I understand your point — govt is the problem, not the solution. Sure. That has been very popular, among some, for some time. Look where it got us.
Vince Treacy 1, November 6, 2008 at 4:47 pm
Speaking of sex, the Feds just announced that no charges will be filed against Spitzer.
____
Good for him AND mostly for his lovely family.
I’ve been thinking about him, lately, in the midst of the Wall Street Bailouts.
No matter what else I may think about what he did, he was right about this mess – early on.
Insurance policies are contracts. Insurance companies are infinitely interested in preserving defenses available to their risks.
In cases of governments, large companies, and/or high-risk Insureds, providing adequate and usually expensive liability protection often involves unique, multi-carrier packages which may also include initial tiers of ‘self-insured’ retentions, for instance.
It comes down to exposures, premiums, and the budget considerations
– as it would with any ‘business’ interested in controlling costs.
Also, lets’ not confuse rights with duties.
Governments have duties.
Citizens have both rights AND duties.
Jill,
I do, within reason.
Vincent,
Just because something is the law doesn’t mean that it’s a good law. The man’s breaking the law, that’s obvious, but is he breaking a just law?
Again, my problem is not with X determining the training is necessary for employment by X (even if X=government). My problem with the State of California telling all possible Xs that they need to require it.
You also have a point on how X should train it’s cashiers and management. That doesn’t mean that the State of California has any right to tell X that they should train their cashiers and management that way. Why do I have a problem with that? Because at that point it’s the Government FORCING someone to do something (admittedly through a third party) because they MIGHT break the law in the future. That sounds an awful lot like anticipatory punishment to me.
There are plenty of things that are a good idea for a business to do, but they don’t all need to be mandated by law.
Well, Gyges, the people of California passed the law, so it was up to them to determine if there was a pressing need. I think Jill and Patty have given good examples of the problem.

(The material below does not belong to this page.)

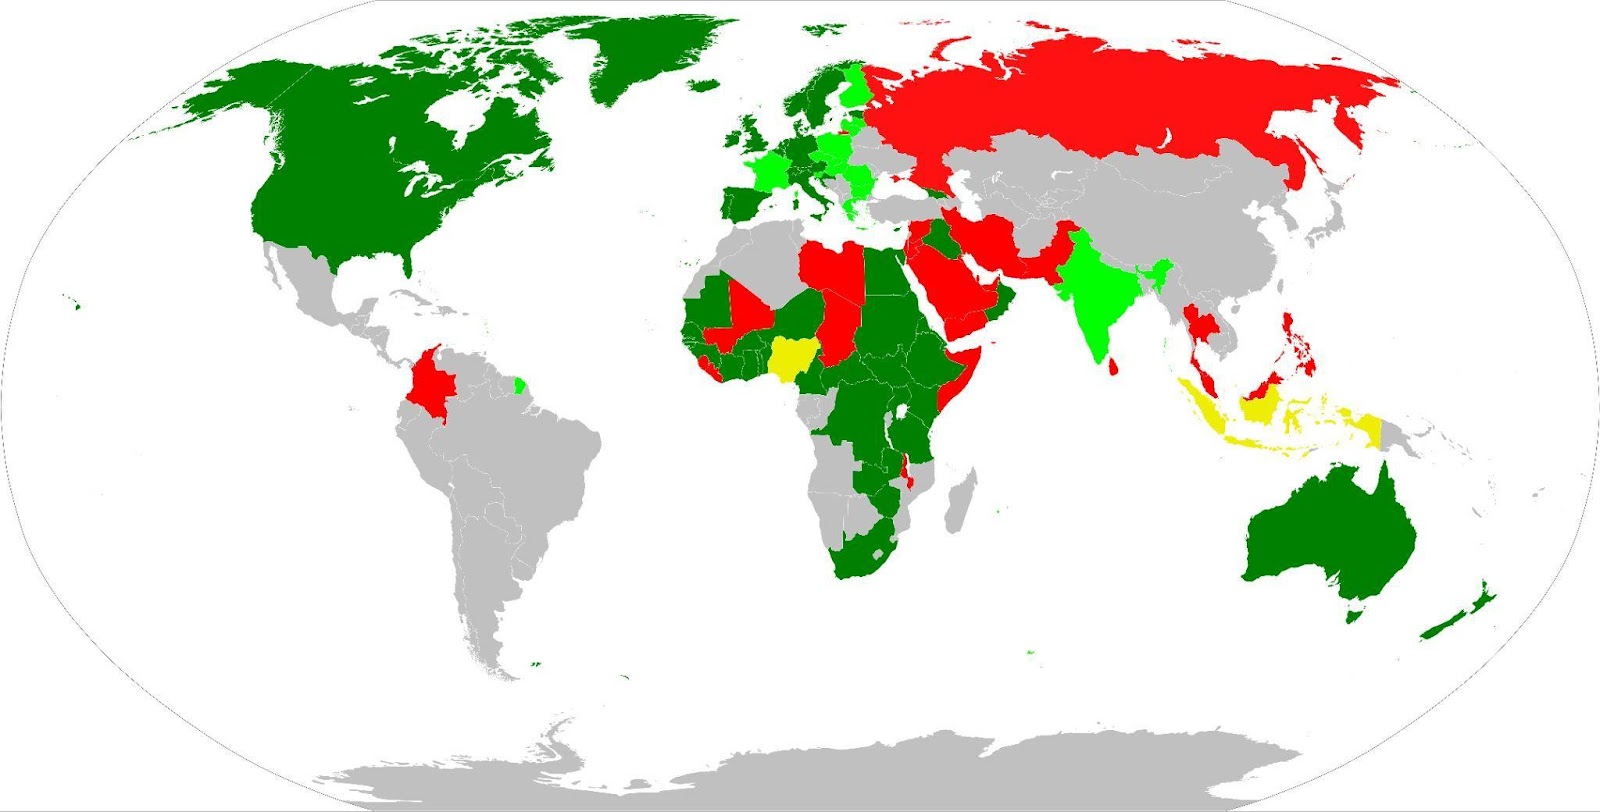 mutilazioni genitali femminili - mappa mondiale delle zone in cui è reato o meno

You now seem to agree that it has nothing at all to do with criminal punishment, and that is a plus.
And about mespo’s argument that this is like training people refrain from stealing? This is not solely about the empoyees, but also about the bosses. We could train managers and supervisors on methods to prevent cashiers from stealing, and there would be no problem. So why not train them to prevent harassment in the workplace? So mespo’s argument falls flat.
The mandatory CLE is exactly on point, and has not been rebutted. In fact, it often includes training in legal ethics. There is no requirement that mandatory training be a part of a licensing process. And it does resemble OSHA safety and fire training very closely.